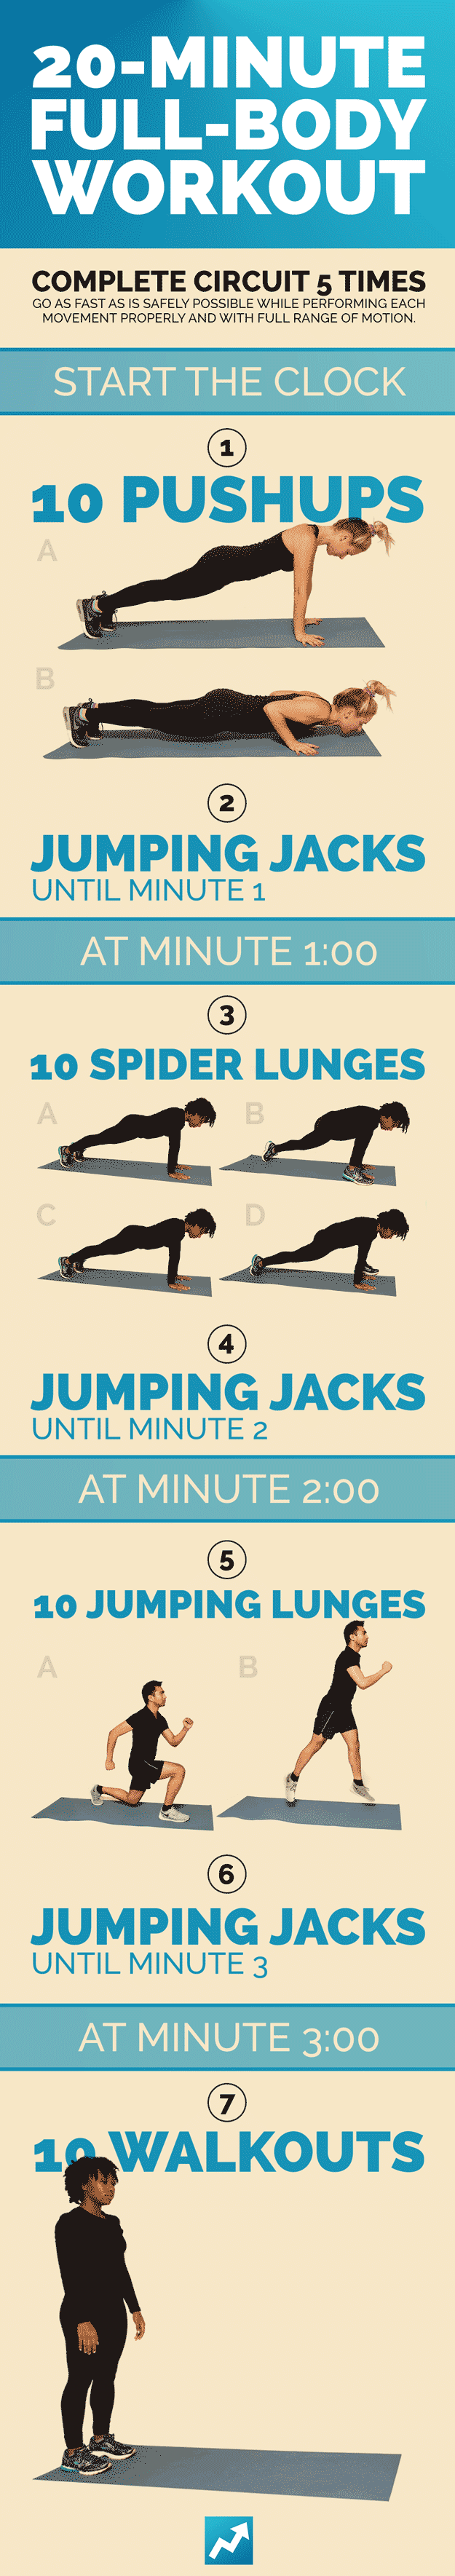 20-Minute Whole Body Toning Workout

--

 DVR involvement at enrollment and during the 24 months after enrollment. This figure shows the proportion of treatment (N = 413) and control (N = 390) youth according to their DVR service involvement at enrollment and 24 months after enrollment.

==

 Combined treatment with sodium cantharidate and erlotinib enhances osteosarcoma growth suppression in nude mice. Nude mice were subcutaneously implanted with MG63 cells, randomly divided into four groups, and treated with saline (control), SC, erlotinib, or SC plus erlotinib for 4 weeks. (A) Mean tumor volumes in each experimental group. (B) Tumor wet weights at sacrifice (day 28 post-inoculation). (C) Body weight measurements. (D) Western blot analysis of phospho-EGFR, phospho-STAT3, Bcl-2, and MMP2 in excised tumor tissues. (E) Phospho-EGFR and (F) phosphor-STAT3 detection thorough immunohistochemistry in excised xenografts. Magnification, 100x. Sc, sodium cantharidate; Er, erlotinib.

_WHAT YOU WILL DO_: If a line above holds the word "control", copy it.

_ANSWER SPACE_:
 DVR involvement at enrollment and during the 24 months after enrollment. This figure shows the proportion of treatment (N = 413) and control (N = 390) youth according to their DVR service involvement at enrollment and 24 months after enrollment.
 Combined treatment with sodium cantharidate and erlotinib enhances osteosarcoma growth suppression in nude mice. Nude mice were subcutaneously implanted with MG63 cells, randomly divided into four groups, and treated with saline (control), SC, erlotinib, or SC plus erlotinib for 4 weeks. (A) Mean tumor volumes in each experimental group. (B) Tumor wet weights at sacrifice (day 28 post-inoculation). (C) Body weight measurements. (D) Western blot analysis of phospho-EGFR, phospho-STAT3, Bcl-2, and MMP2 in excised tumor tissues. (E) Phospho-EGFR and (F) phosphor-STAT3 detection thorough immunohistochemistry in excised xenografts. Magnification, 100x. Sc, sodium cantharidate; Er, erlotinib.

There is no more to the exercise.